Not only do you get incredible food and drink, those in attendance get to enjoy live music, talks by leaders in gastronomy and sustainability, as well as workshops by innovative professionals; this year’s edition featured open classes all focused on fermentations, from kombucha (Mucha Kombucha) to chocolate and coffee infusions (SlowMov Coffee), sourdough breads (Triticum) and also mead. The one-on-one attention from experts in their respective fields is a unique, fulfilling experience that’s simply not to be missed.


  • Xesc Reina (Can Company, Mallorca): one of the main sobrassada artisans in the country; sobrassada is a dry meat similar to chorizo; served a delicious ensaimada with chocolate sobrassada along with a selection of sobrasadas and sausages.
  • Manu Yebras (Josper, Catalonia): COO of Josper, which has become a world leader and can be found in more than 125 countries; he and his team prepared Wagyu meat, Canary Island sea bass and Maresme vegetables in his Josper ovens; his experience as a festival attendee last year is what convinced him to participate as a protagonist this year.
  • Eduardo Sousa (La Patería de Sousa, Extremadura): makes foie gras with a certificate of ethical production; his artisanal technique to make a product that respects animals has made waves the world; served his ethical foie gras “micuit” and 100% Bellota goose ham.
  • Clara Diez (Fromaje, Madrid): one of the outstanding young talents in gastronomy today; she served a selection of artisanal cheeses.
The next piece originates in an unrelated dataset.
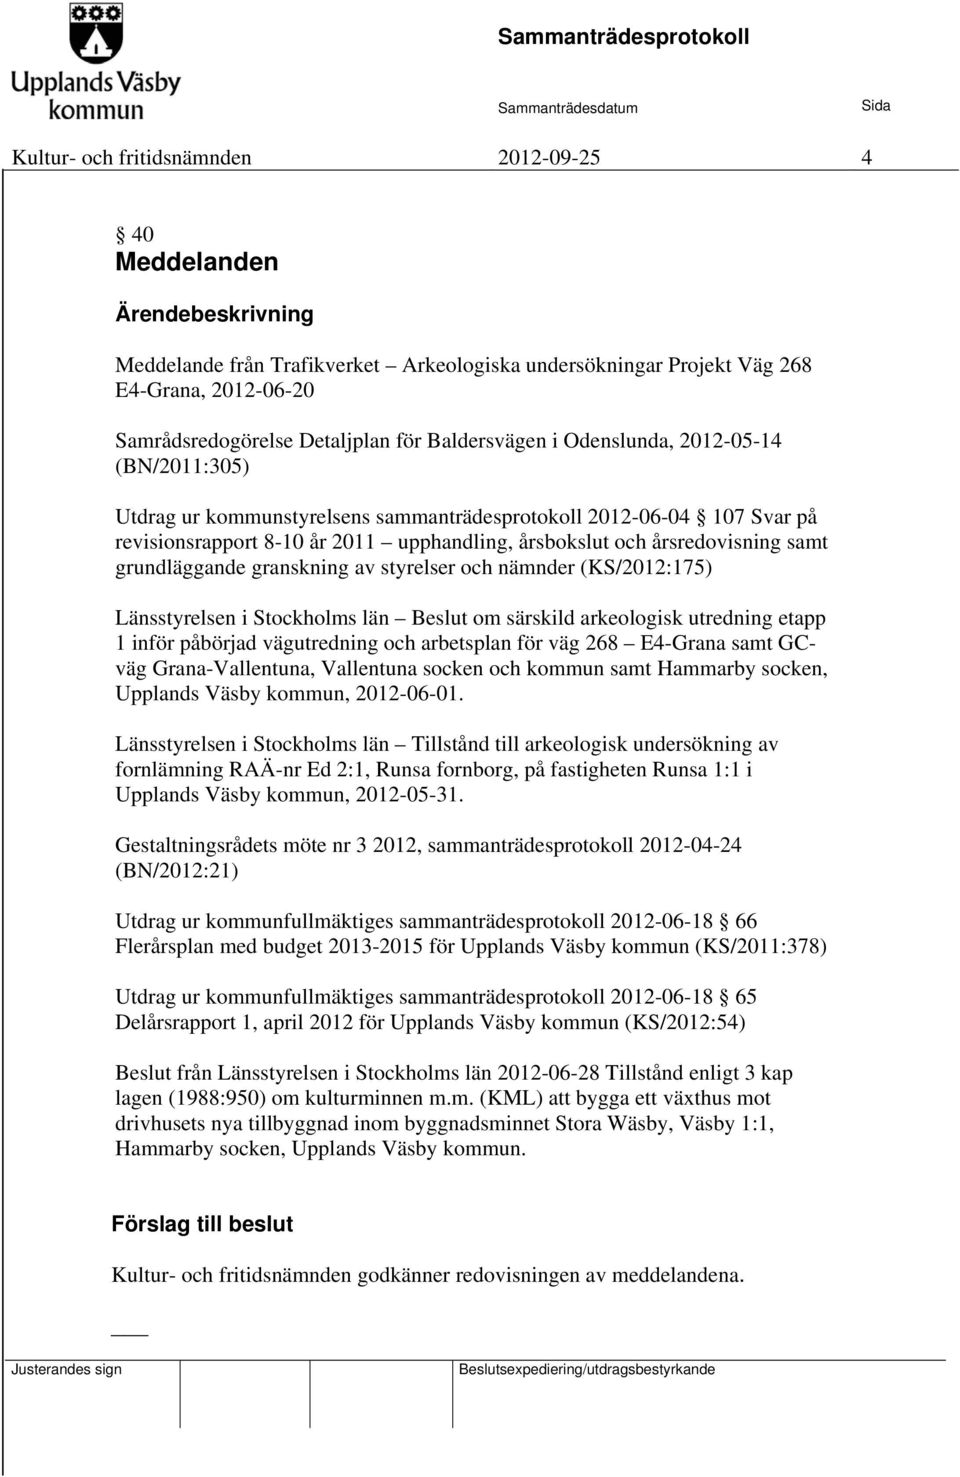 årsredovisning samt grundläggande granskning av styrelser och nämnder (KS/2012:175) Länsstyrelsen i Stockholms län Beslut om särskild arkeologisk utredning etapp 1 inför påbörjad vägutredning och

  • Curro Ulzurrun (Cobardes y Gallinas, Castilla y León): raises native and endangered chickens to obtain top quality organic eggs that are consumed at Michelin-star restaurants; served fried eggs with truffle.
  • Carlos Piernas, (Carpier, Catalonia): the 2022 Ambassador of Honor and repeated as a protagonist this year; presented his new product of smoked preserves he’s been researching for more than three years; served three different preparations of salmon.
  • Javier González (Ternura, Galicia): master of the traditional Galician empanada; served five different mouth-watering versions of them.
  • Hervé Corvitto (Gelats Angelo, Girona): widely recognized in the sector for his innovative ice cream flavors; served three different flavors at the festival, including a sea urchin ice cream with prawn coulis.
  • Daniel Álvarez (Dalúa, Valencia): well-decorated, master pastry chef who specializes in the art of making puff pastry; served his incredible cream millefeuille with inverted puff pastry.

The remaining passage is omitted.